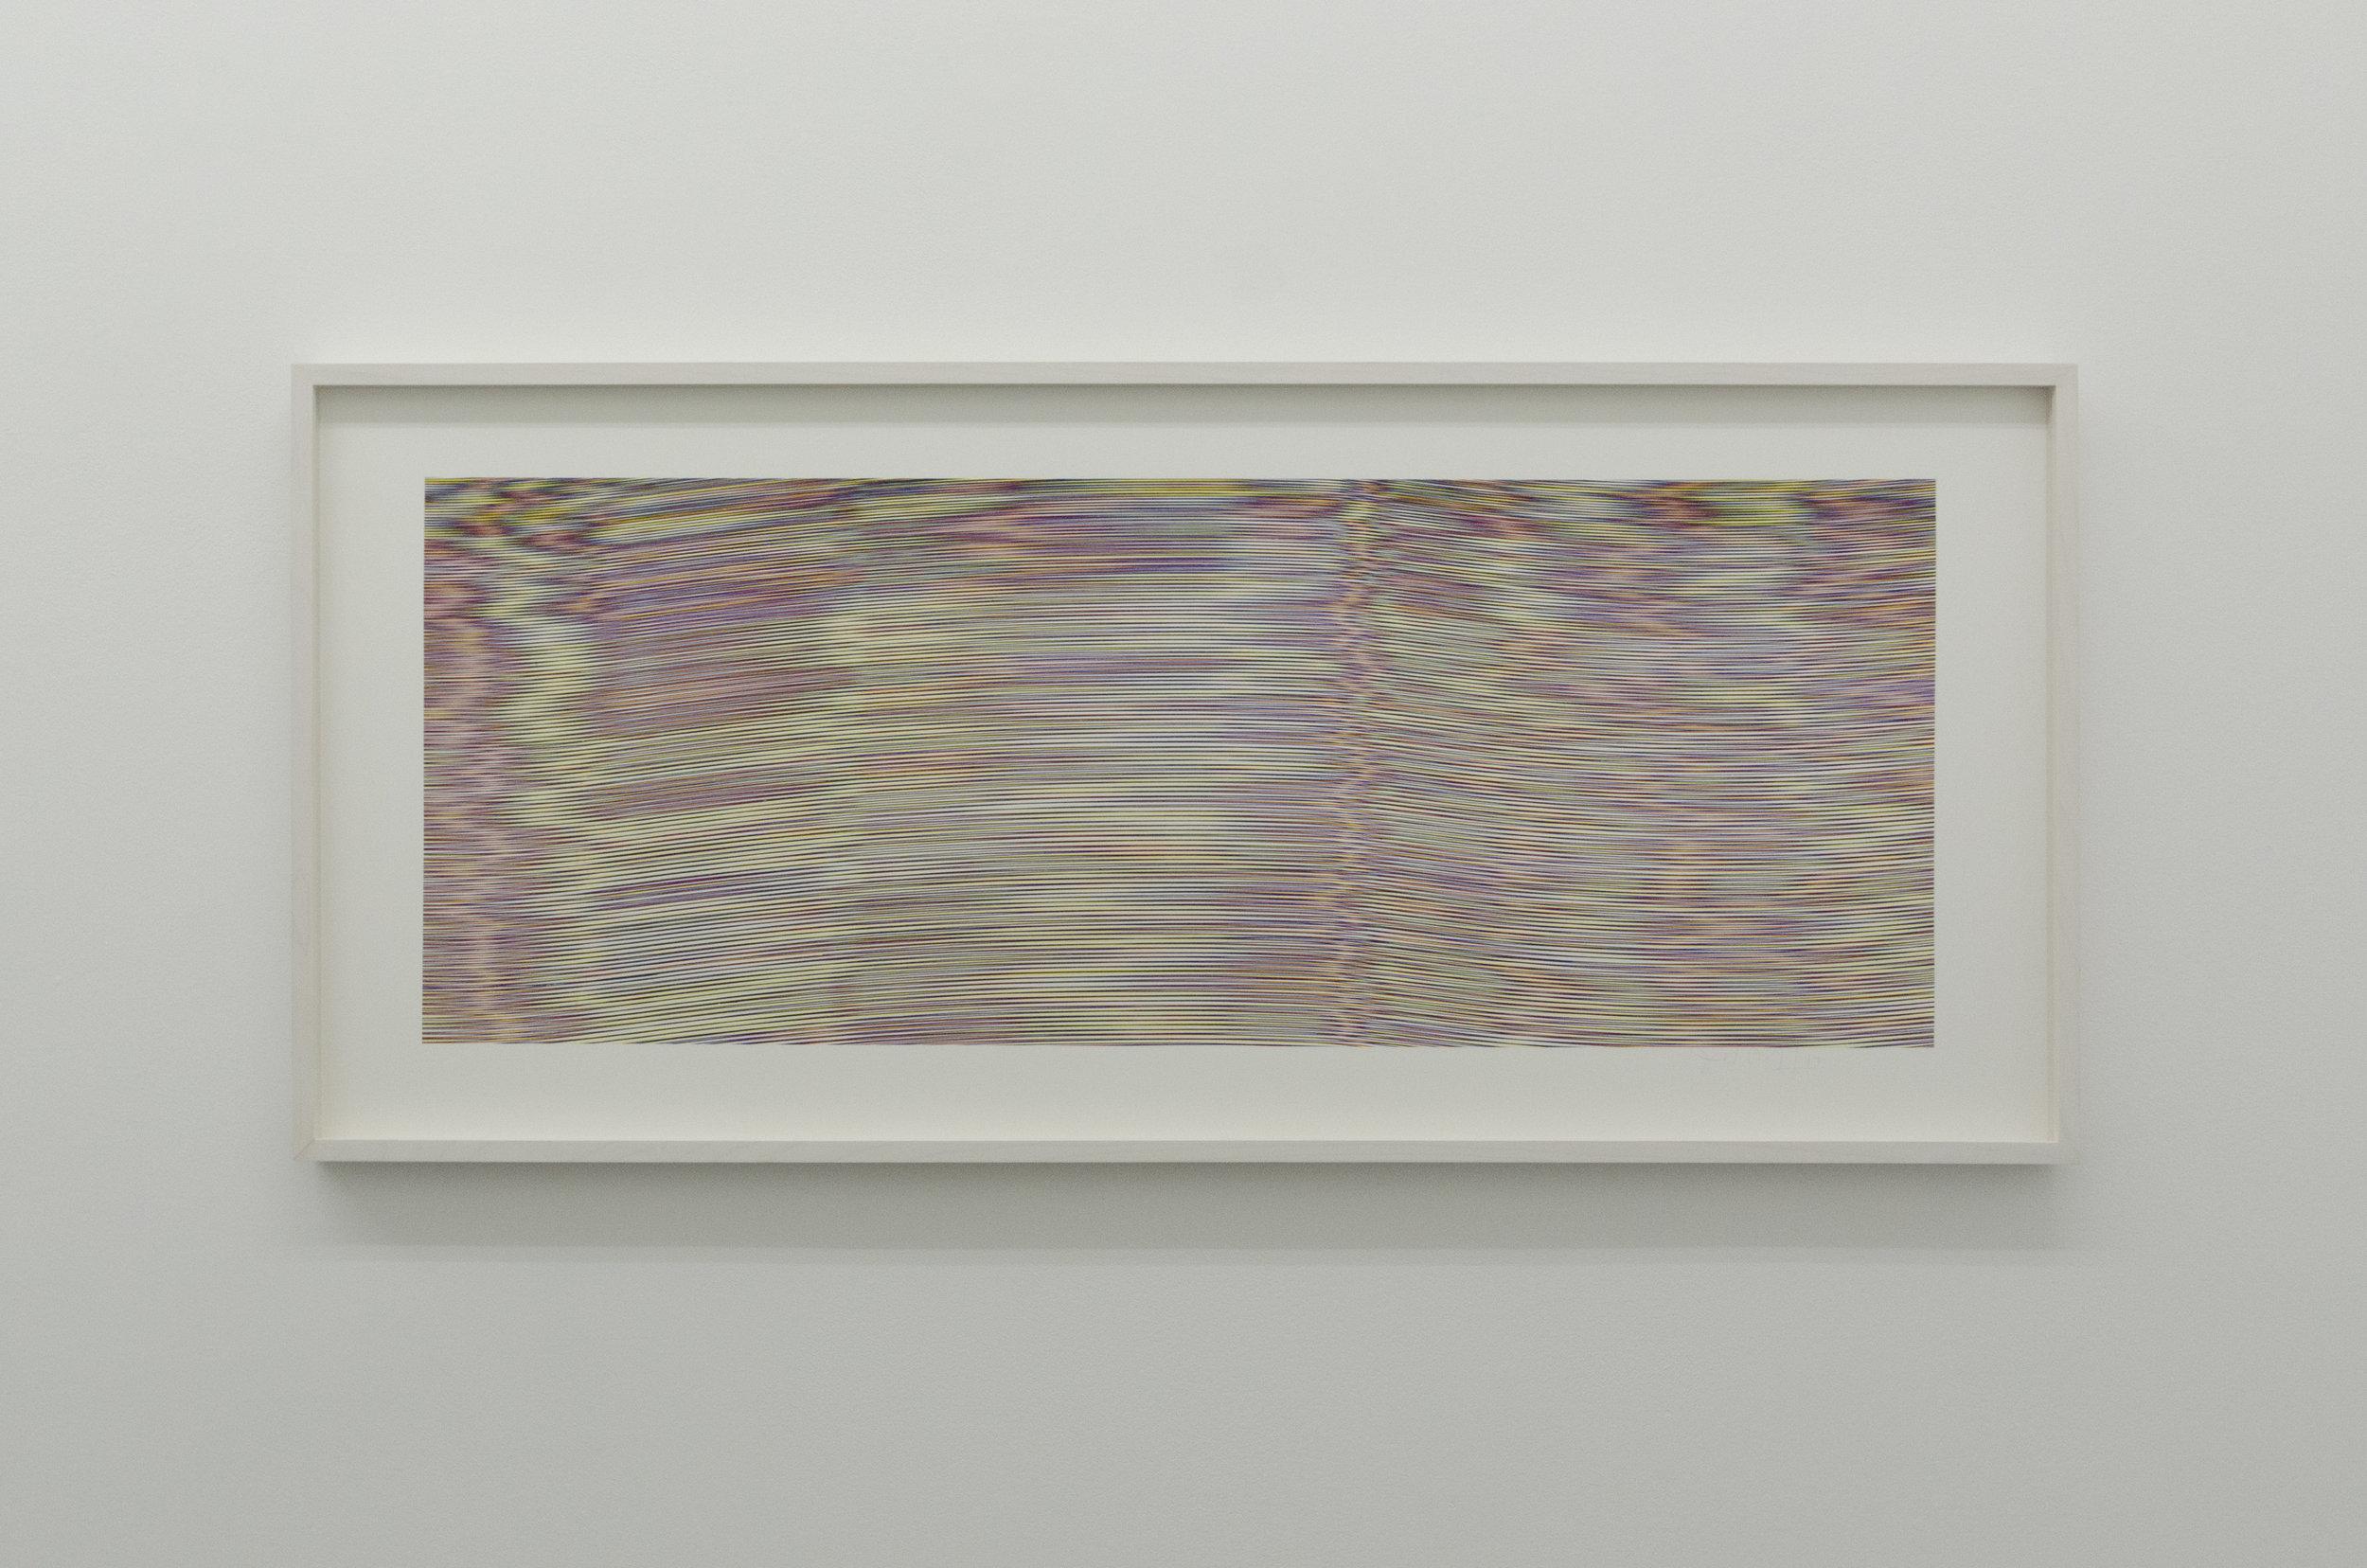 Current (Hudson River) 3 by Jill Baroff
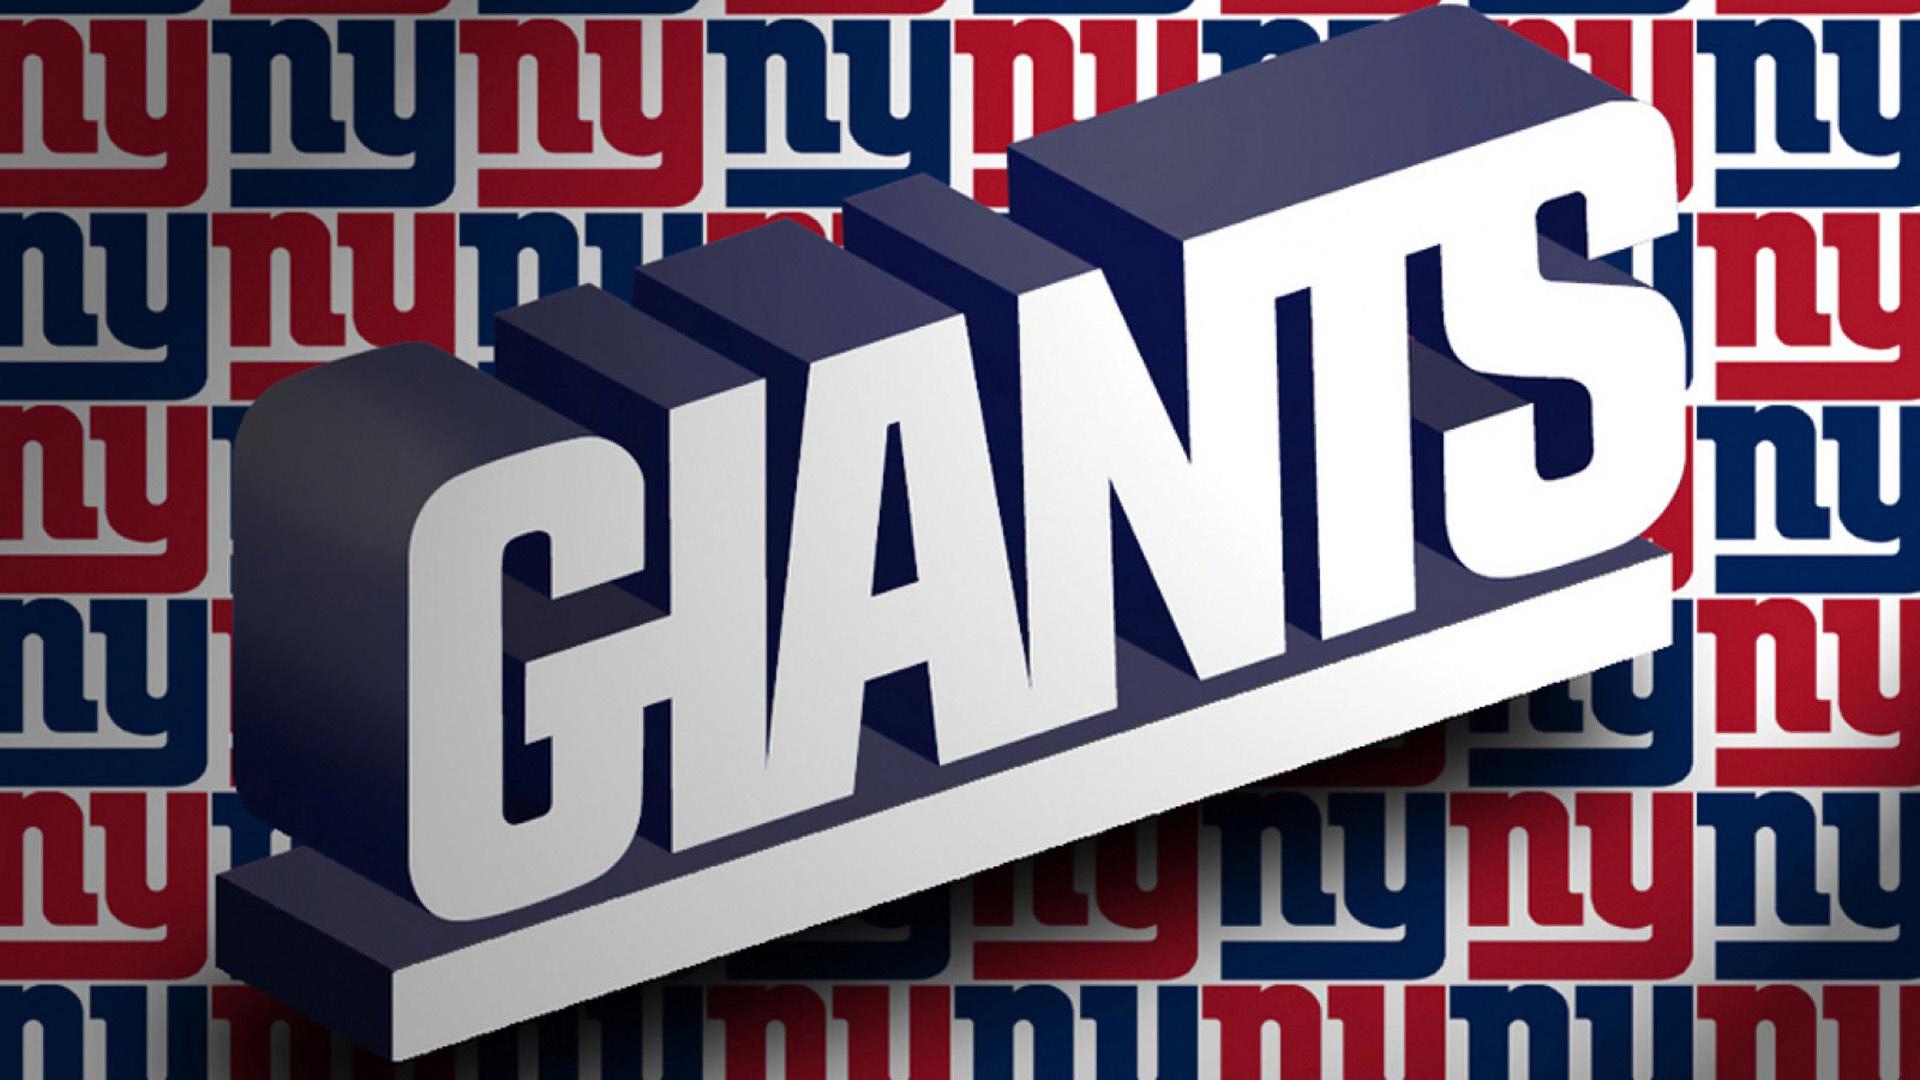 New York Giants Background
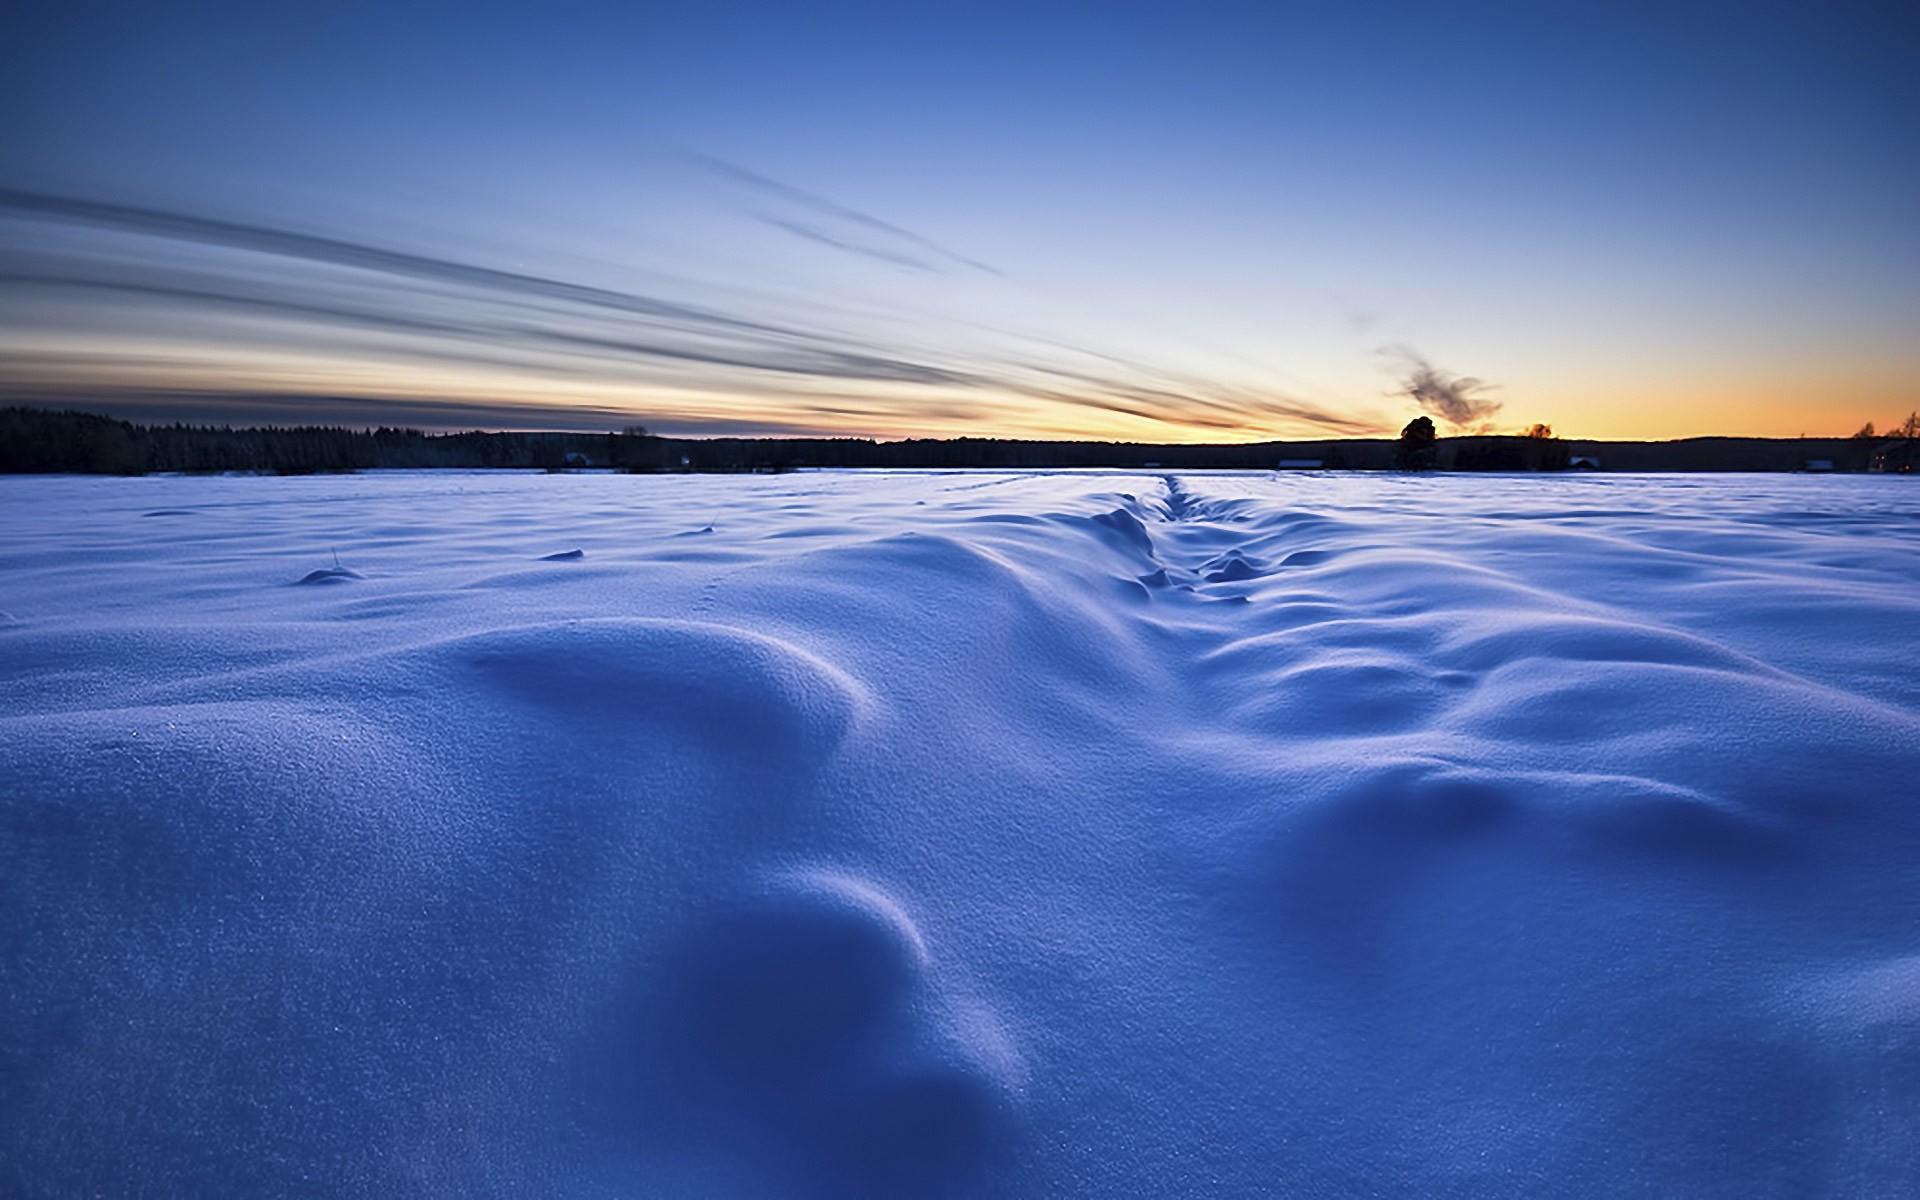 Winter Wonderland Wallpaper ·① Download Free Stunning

_About this exercise_: Reproduce the listing above exactly, excluding all pictures.

_Result for this task_:
 Current (Hudson River) 3 by Jill Baroff
 New York Giants Background
 Winter Wonderland Wallpaper ·① Download Free Stunning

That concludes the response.